/---
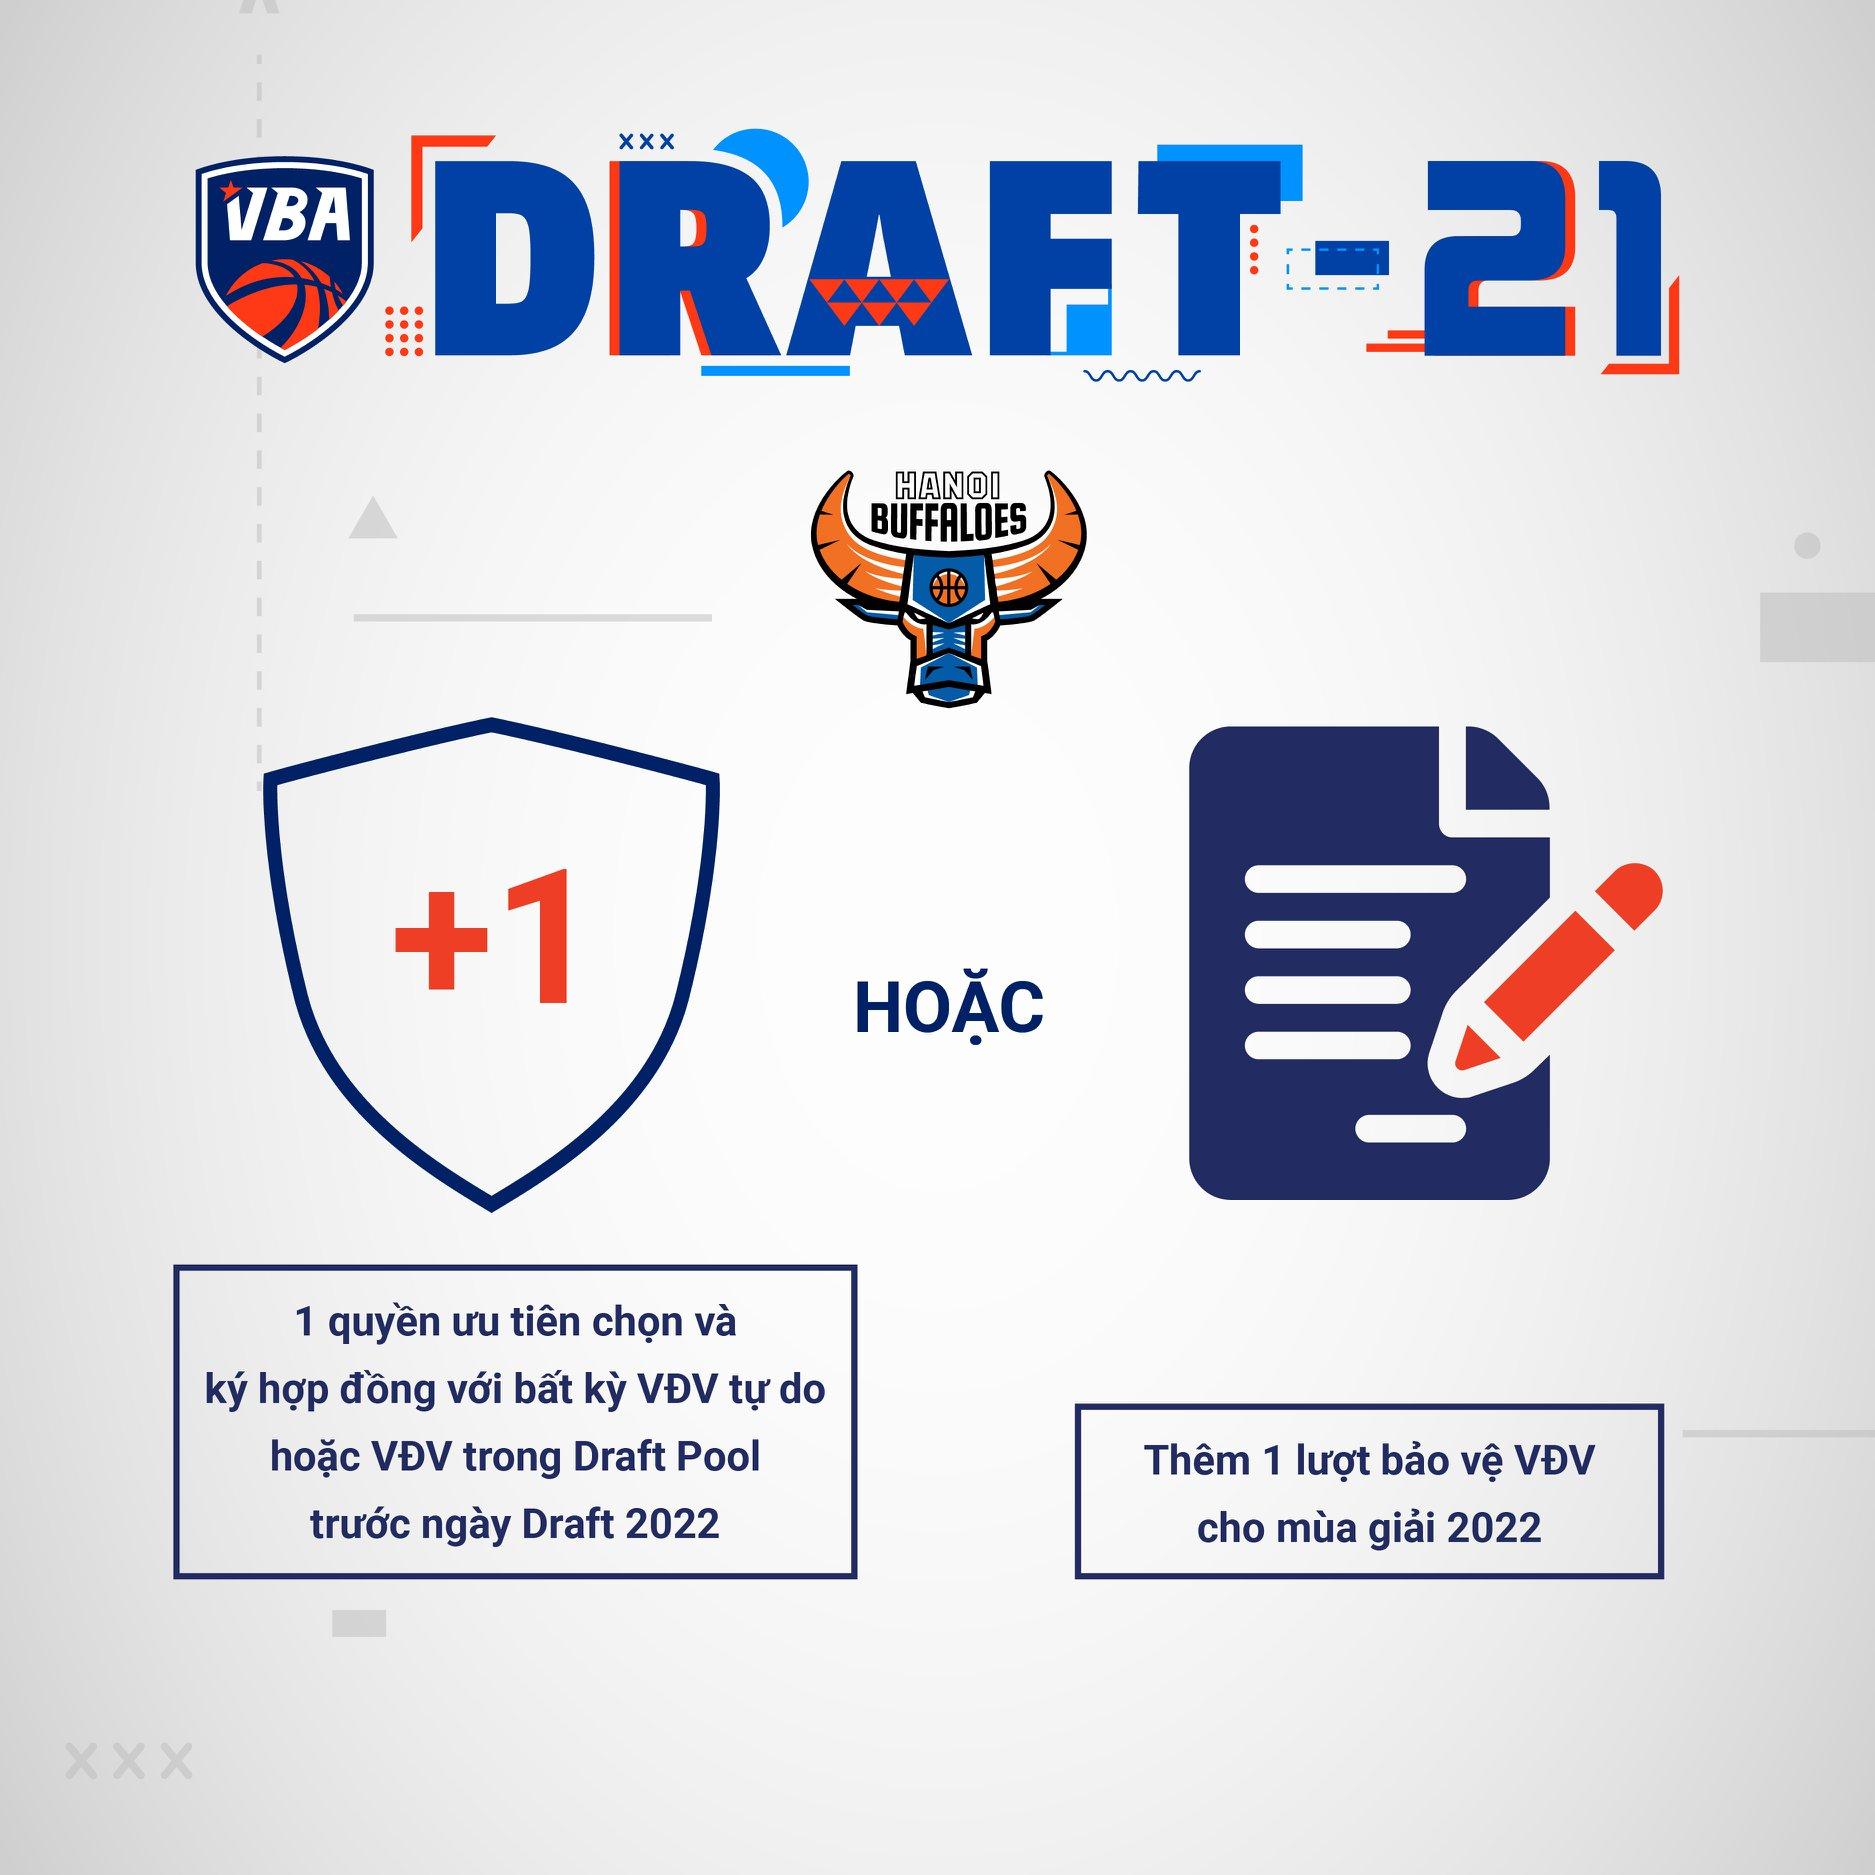 hnb-draft-21
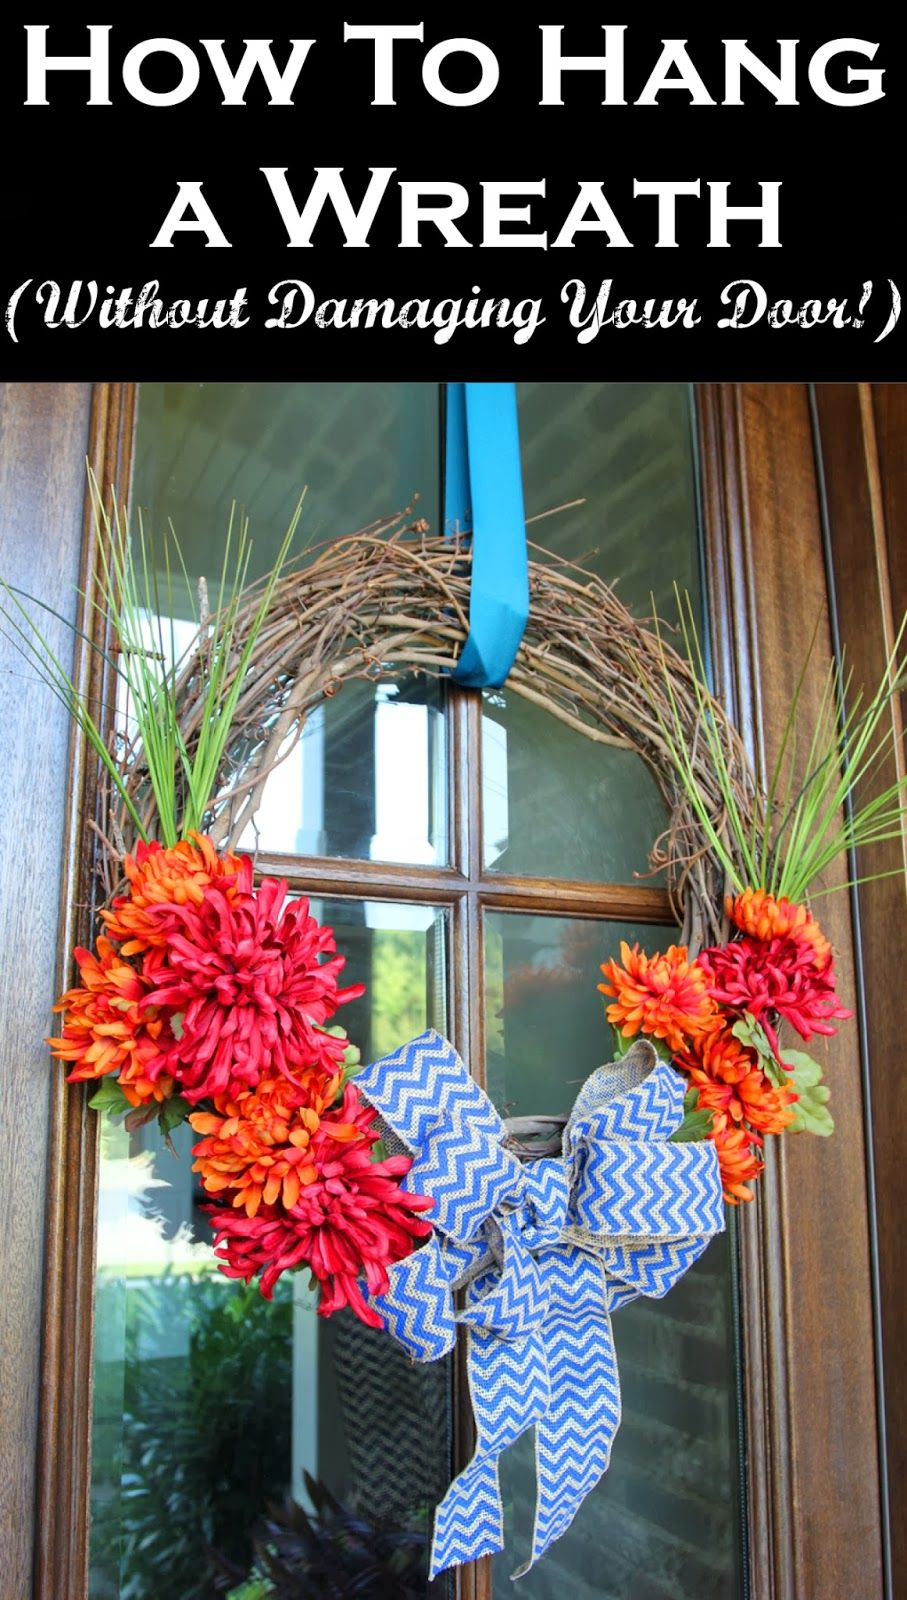 How to Hang a Wreath on a Storm Door
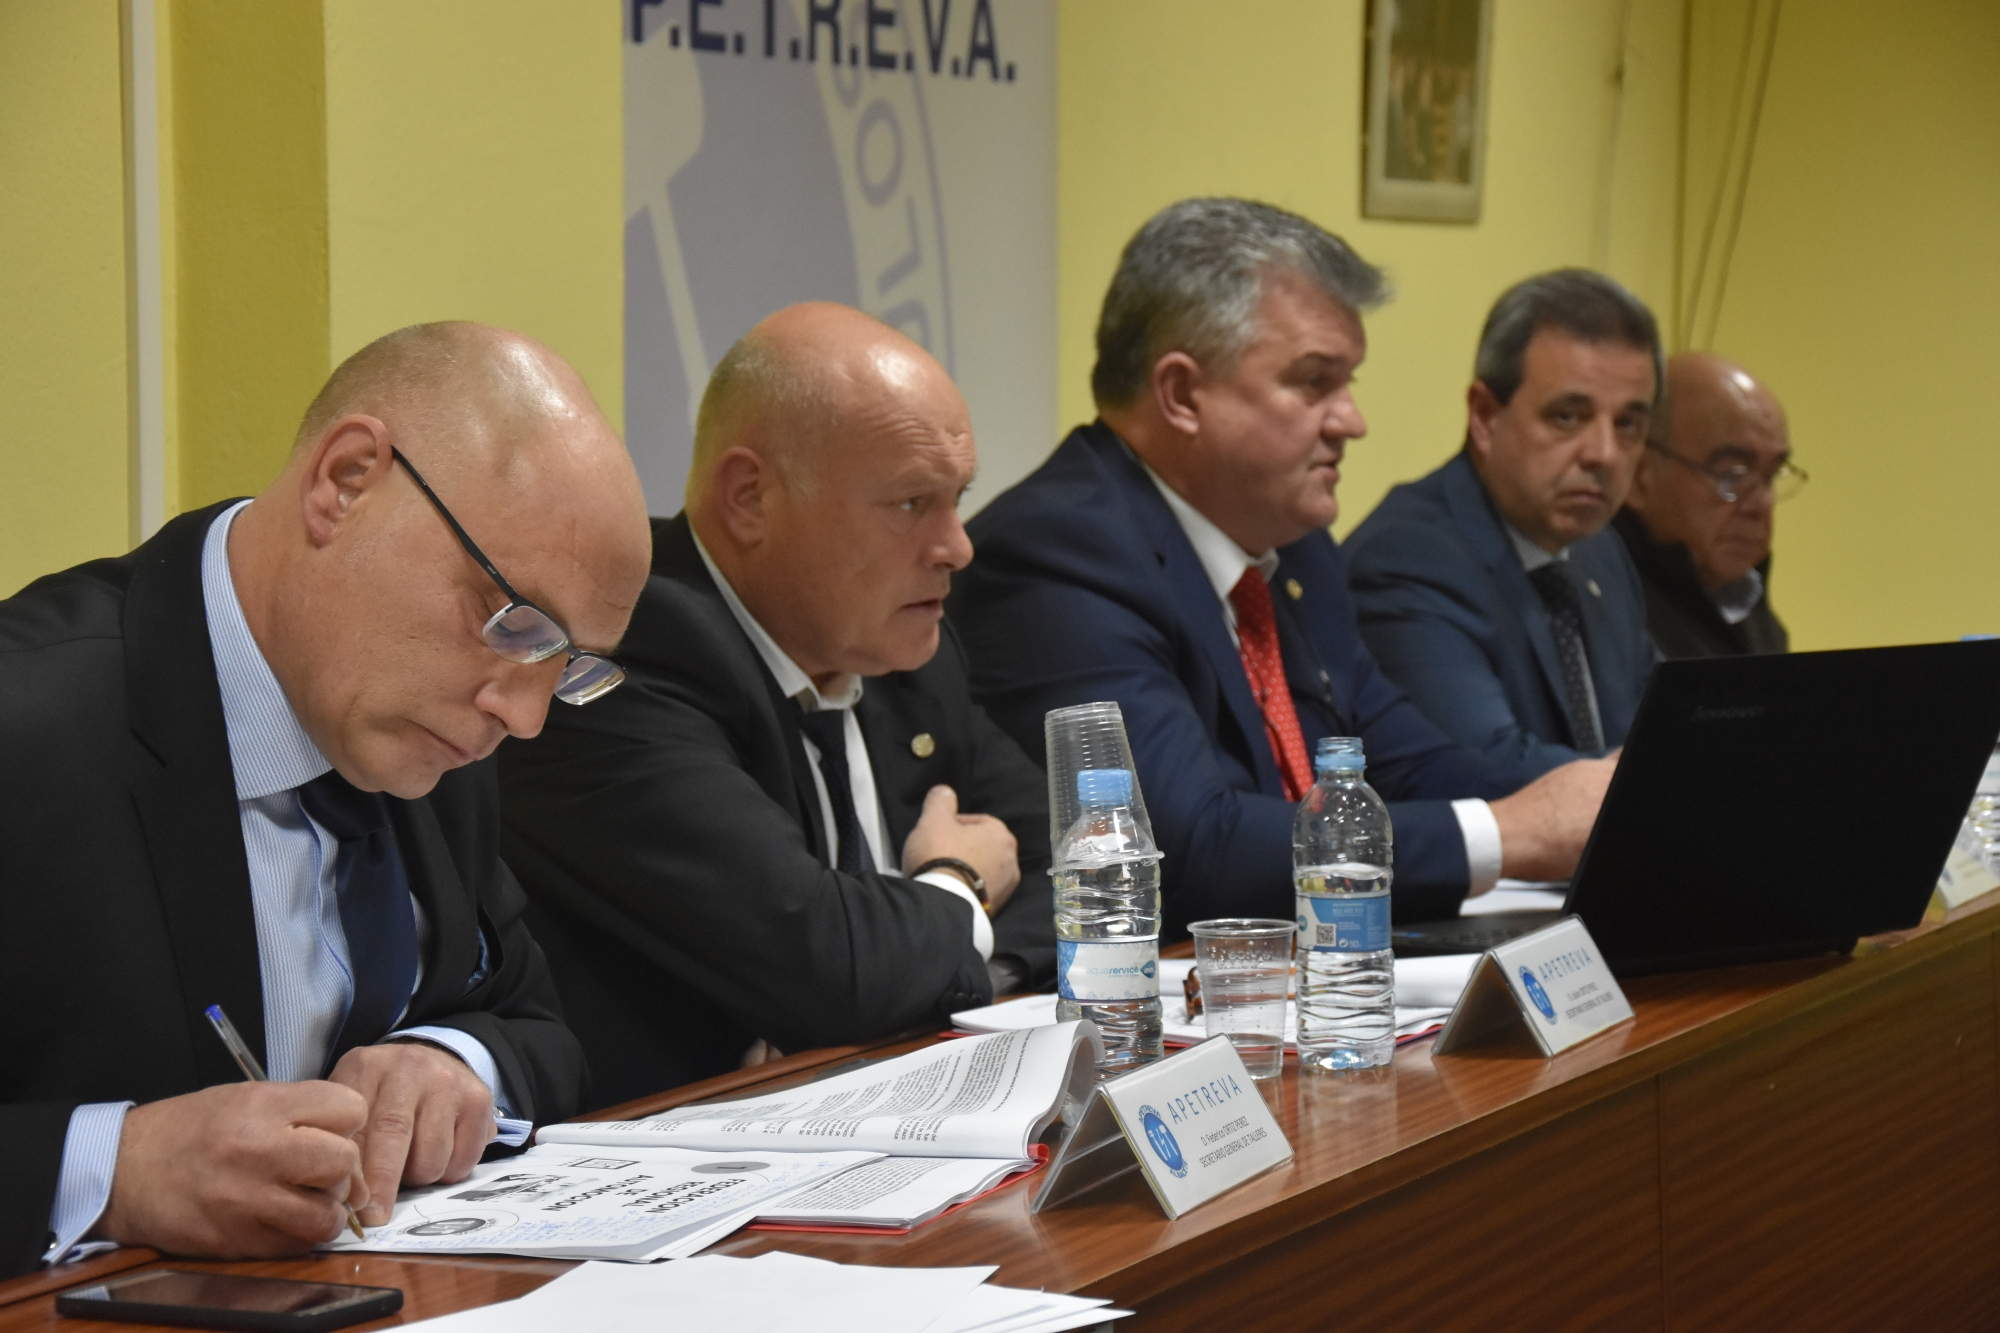 APETREVA celebra su Asamblea General 2018
\---
▸ What to work on: Output all of the data above exactly; no pictures should appear.

▸ Exercise result:
 hnb-draft-21
 How to Hang a Wreath on a Storm Door
 APETREVA celebra su Asamblea General 2018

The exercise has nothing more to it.